Персонажи пьесы Сартра сохранили и после своей смерти все свои качества и способности. Вплоть до способности рассуждать. Без труда они сообразили, что кошмар именно в этом общежитии, в других обитателях экспериментальной коммунальной квартиры. Следовательно, спасение в том, чтобы общение прекратить.

Однако такое простое решение оказалось невыполнимым — ведь все они люди как люди, присутствие других является обязательным признаком существования «в ситуации». Оставаясь собой, персонажи пьесы сохранили и потребность в общении, тем более, что в «аду» оказались две женщины, которые не потеряли и своего природного кокетства, потребности видеть себя, видеть свое отражение в глазах других людей.

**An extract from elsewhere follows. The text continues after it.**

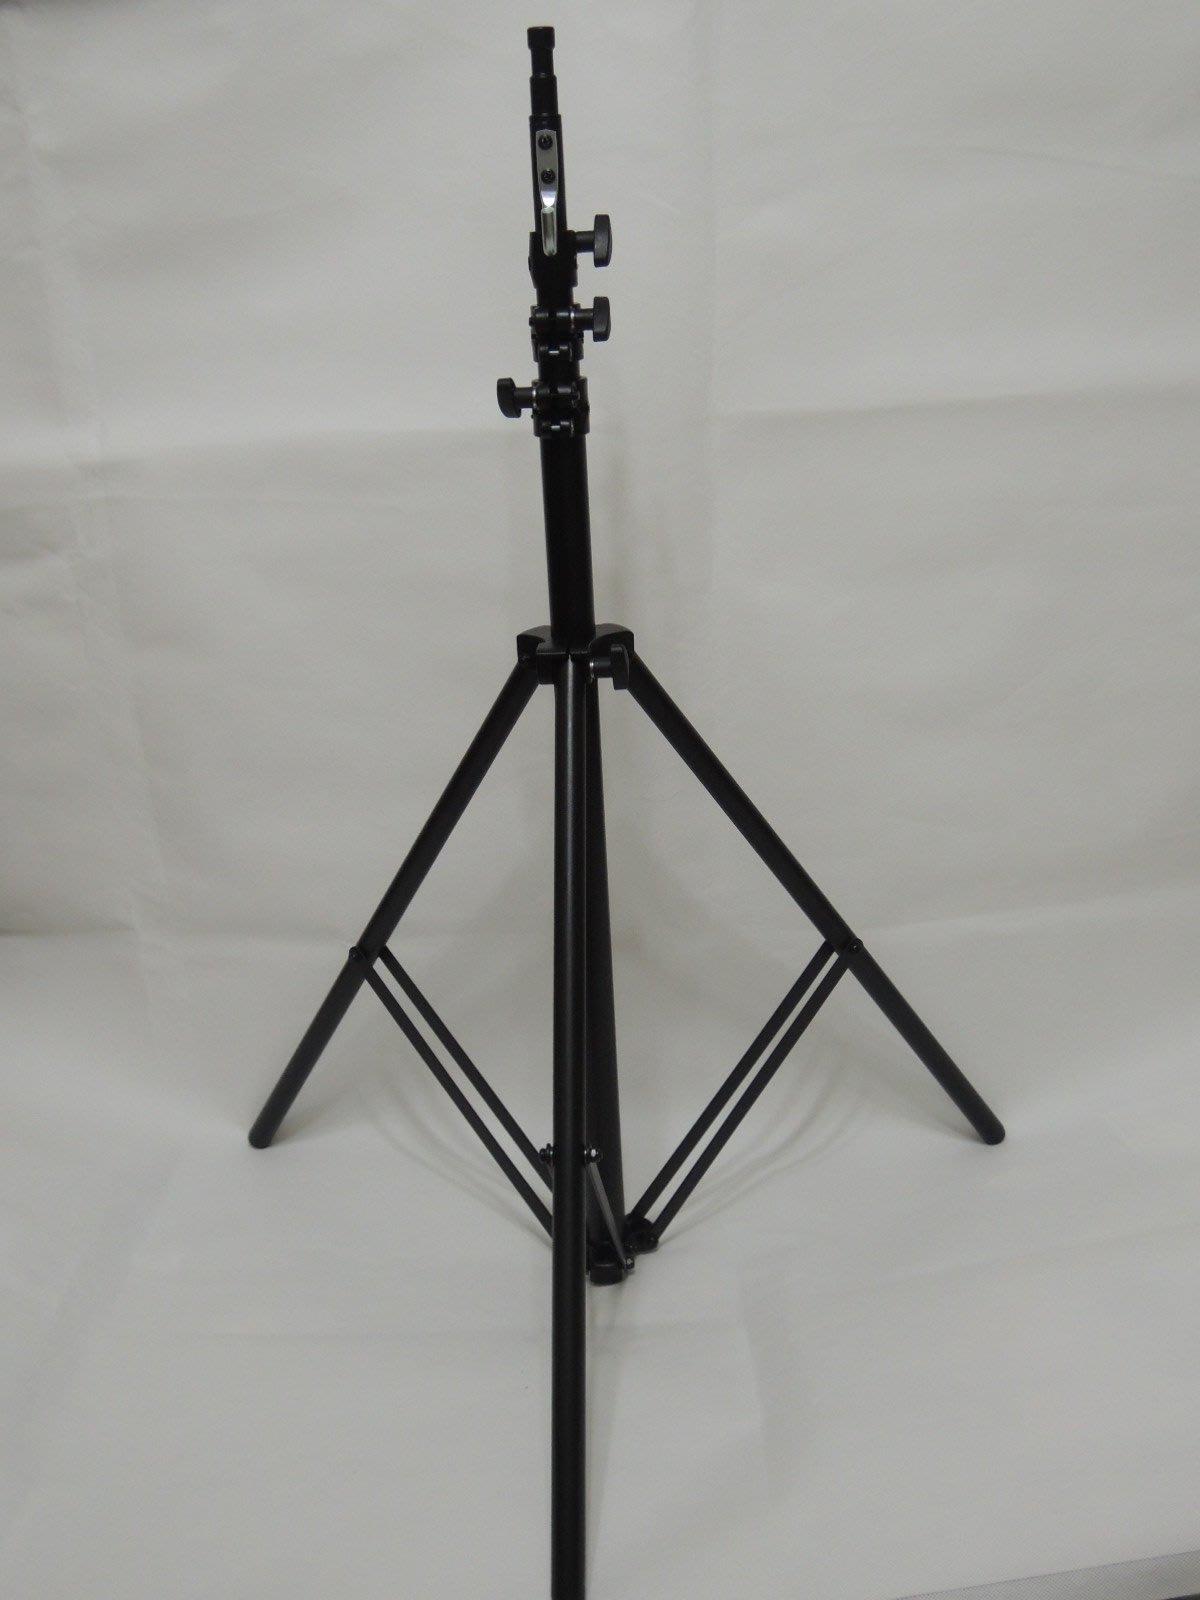 【室內/外用/投影 布幕架 】高75-260公分 鋁管伸縮 三角架/多用途吊架/ 投影機a
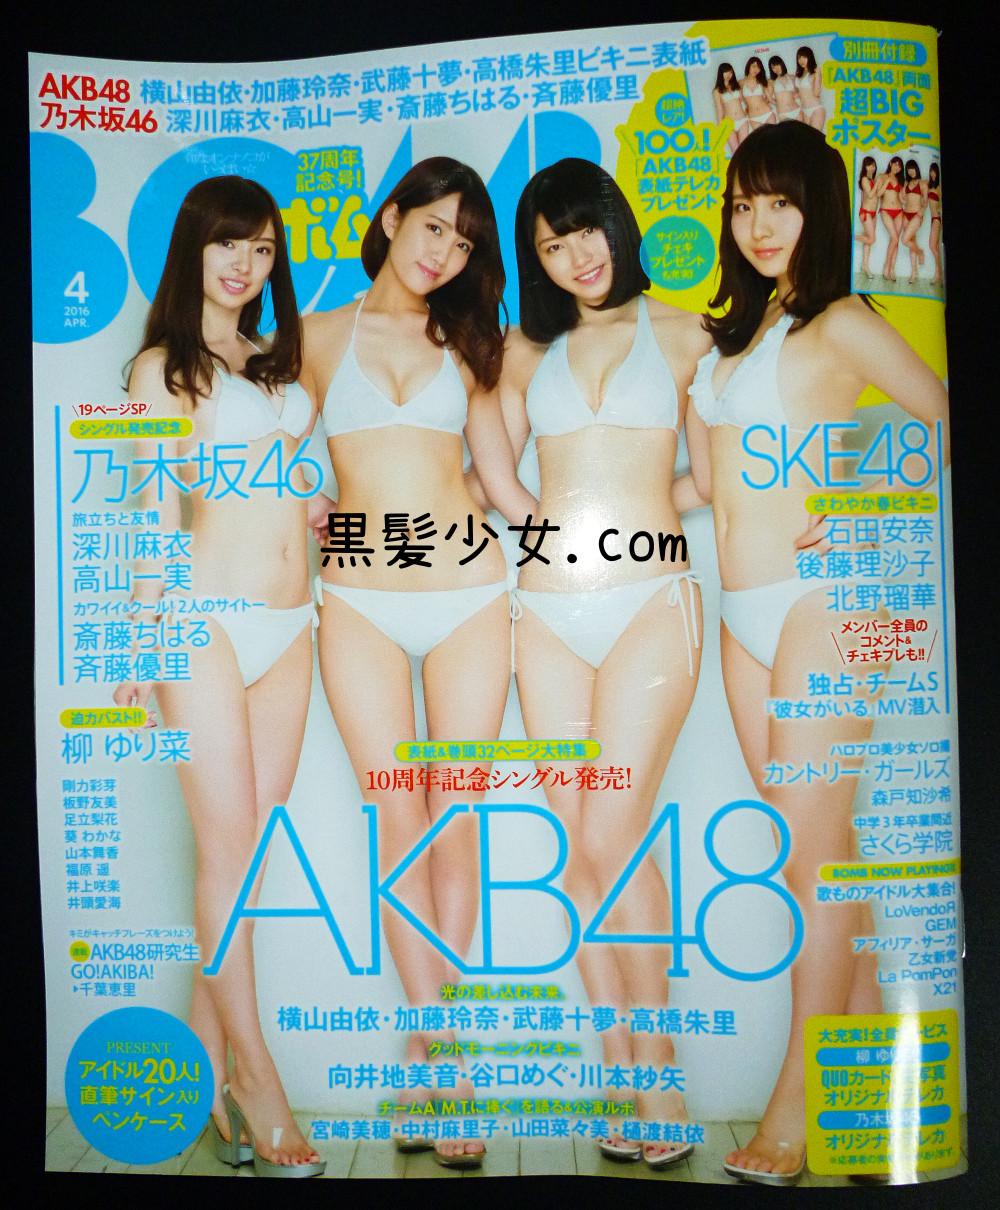 [感想] 加藤玲奈の表紙が良い BOMB2016年4月号 AKB48水着グラビア掲載

Первое стало невозможным — из «ада» изъяты все зеркала. Тем паче обостряется потребность во взгляде другого человека, в оценке, которую содержит этот взгляд и мнение Другого. Этель и Инес тотчас же ввязываются в диалог, в своеобразную игру, в которой каждой предназначается роль зеркала. Из этого диалога становится очевидным, что исчезновение зеркал дает возможность акцентировать роль взгляда в организации человеческого общежития — в создании земного ада.

Люди-зеркала сводят человека к видимой поверхности, «судят по одежке»; в общении немедленно формируется отношение, возникают взаимоотношения — стоило Этель и Инес ввязаться в диалог, обменяться первыми репликами, как сразу же стало нарастать раздражение.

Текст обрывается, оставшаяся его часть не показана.